1. **Increase throughput by adding extra nodes.** Increase the number of instances in `instance_count`, and as long as you're using some for of distribution in your training script, this will automatically copy your model over all available accelerators and handle averaging the results. This is also called ***horizontal scaling.***
2. **Increase throughput by upgrading your instances.** In addition to (or sometimes instead of) adding extra nodes, you can increase your instance to something larger. This usually means adding more accelerators, more CPU, more memory, and more bandwidth. 

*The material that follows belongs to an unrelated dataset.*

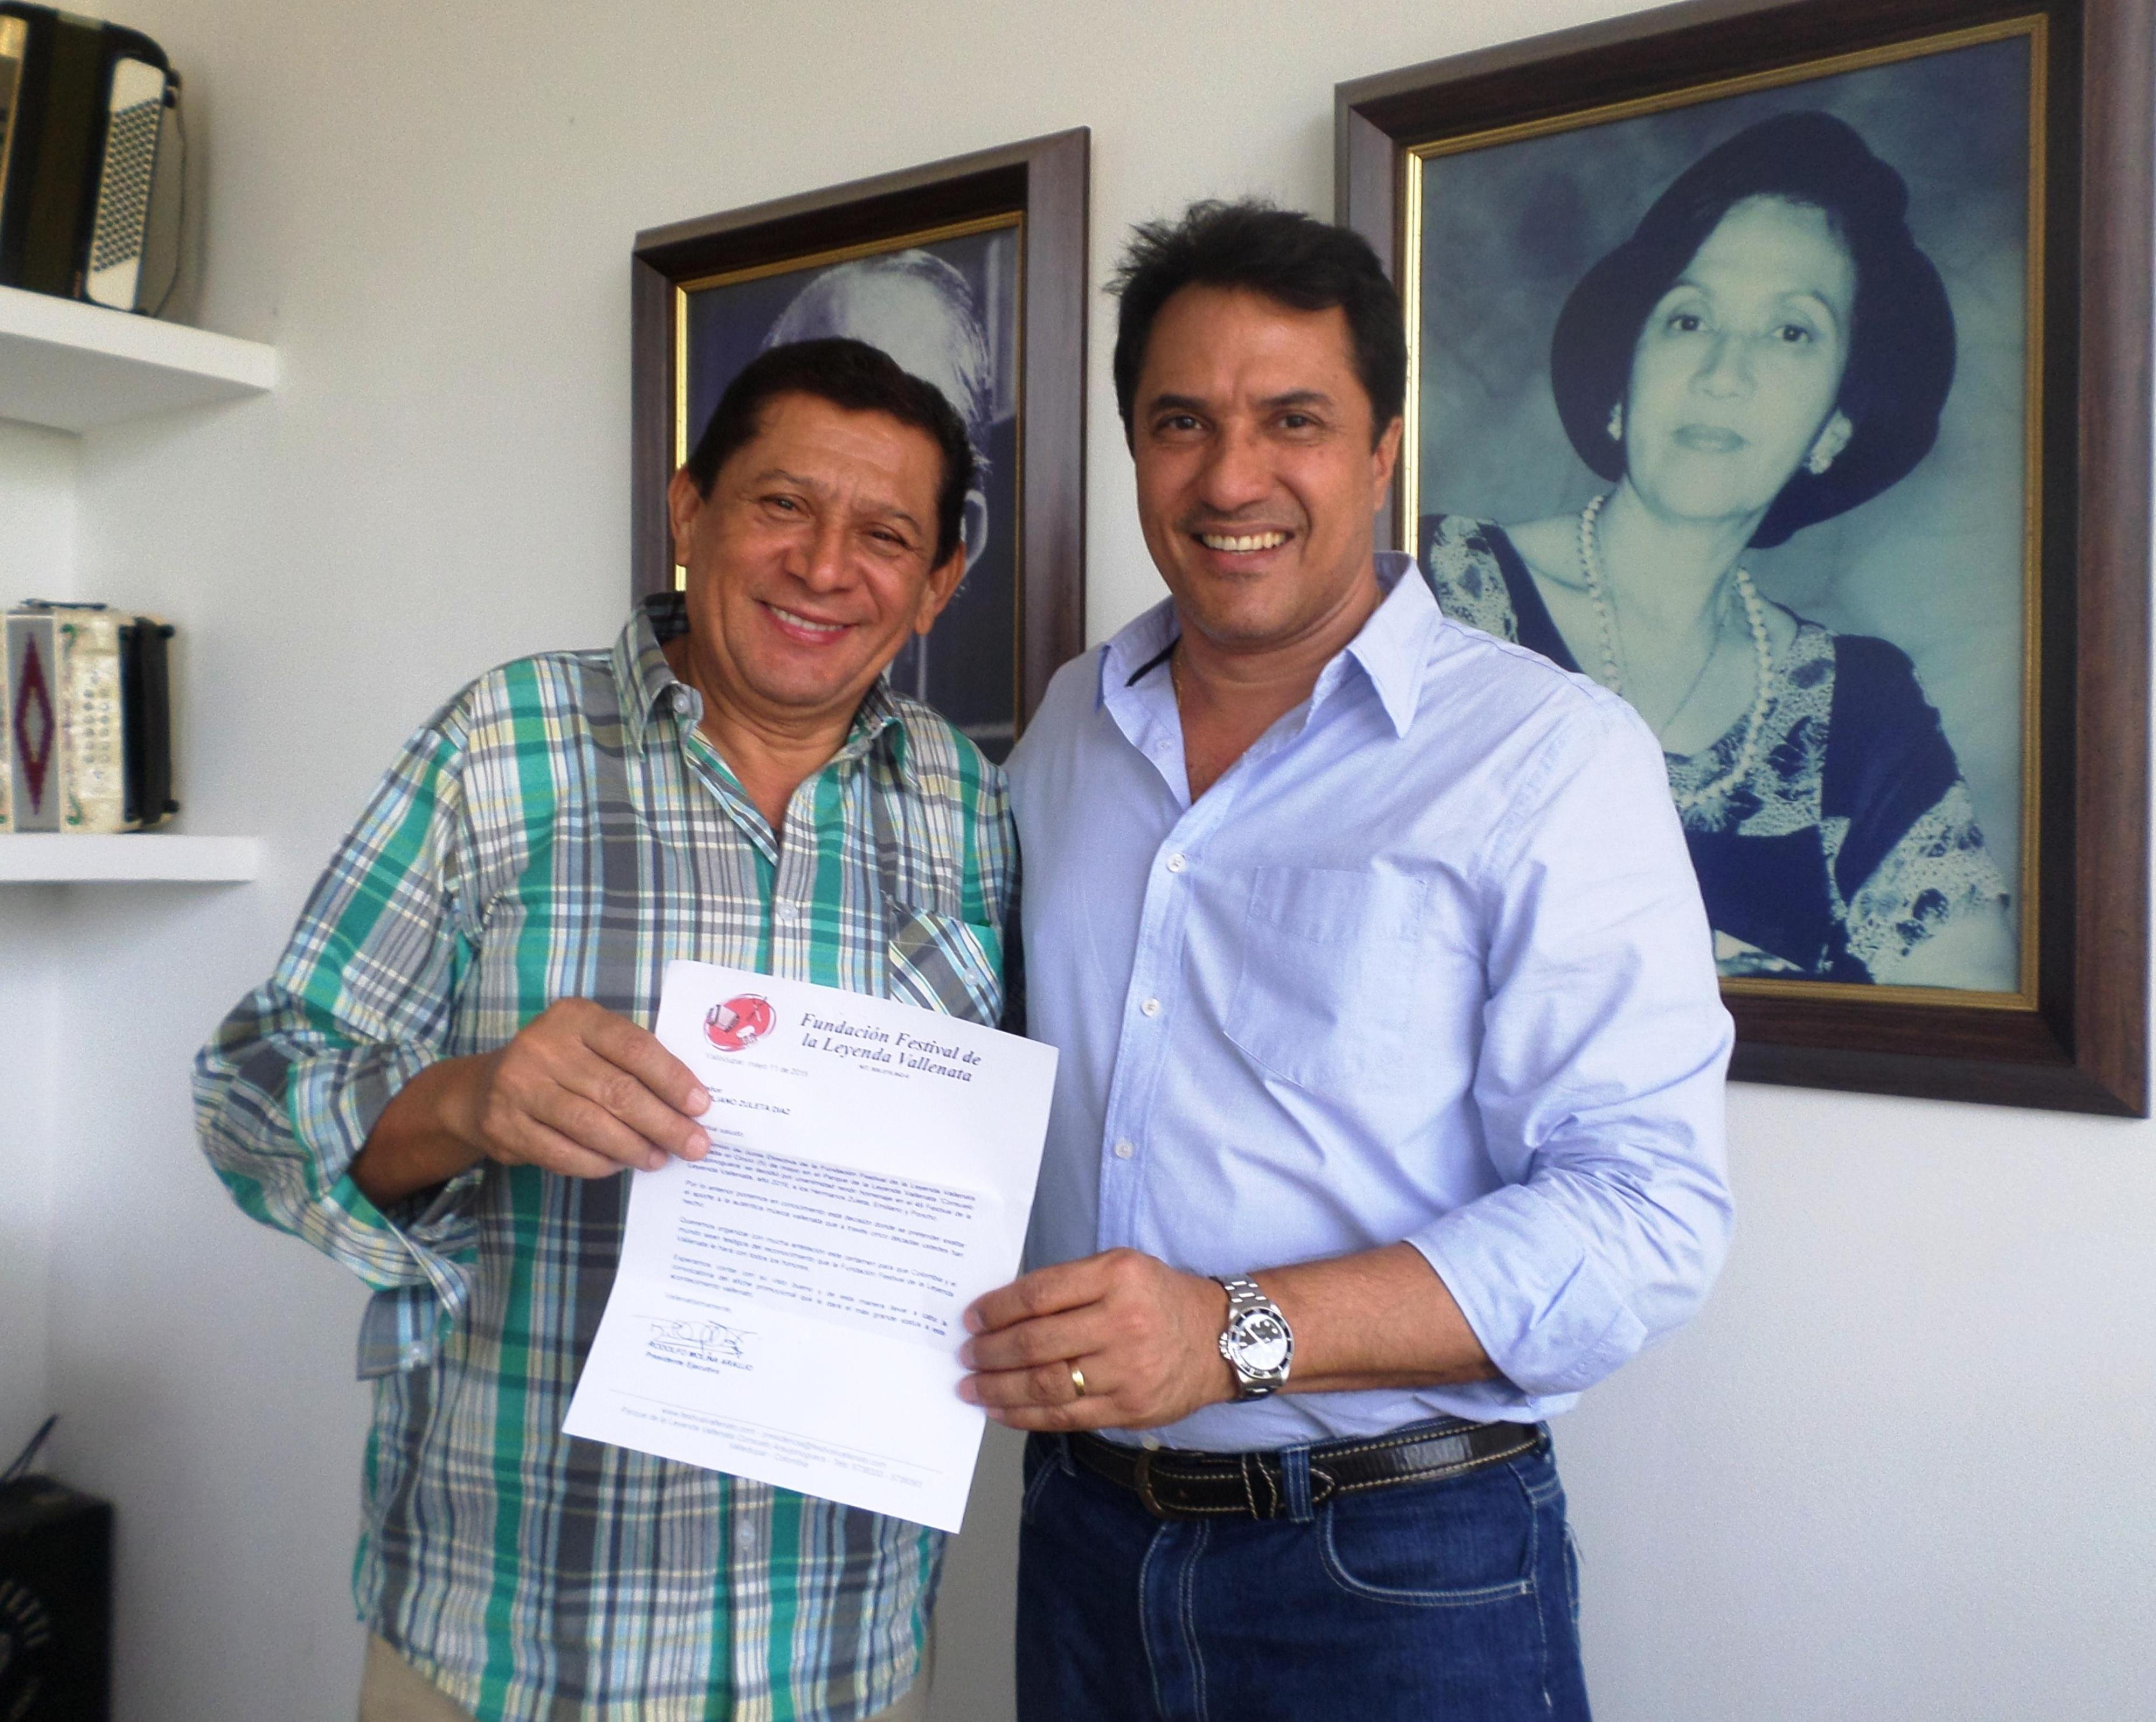 Emiliano Zuleta y Rodolfo Molina. Foto Cherlis Gamez Cuadros

3. **Increase accuracy with hyperparameter tuning**. Another critical step is picking the right hyperparameters. You can use [Syne Tune](https://github.com/awslabs/syne-tune/blob/hf_blog_post/hf_blog_post/example_syne_tune_for_hf.ipynb) for a multi-objective tuning metric as one example. Here's another example with [SageMaker Training Compiler to tune the batch size!](https://github.com/aws/amazon-sagemaker-examples/blob/main/sagemaker-training-compiler/huggingface/pytorch_tune_batch_size/finding_max_batch_size_for_model_training.ipynb)
4. **Increase accuracy by adding more parameters to your model, and using a model parallel strategy.** This is the content of the next lab!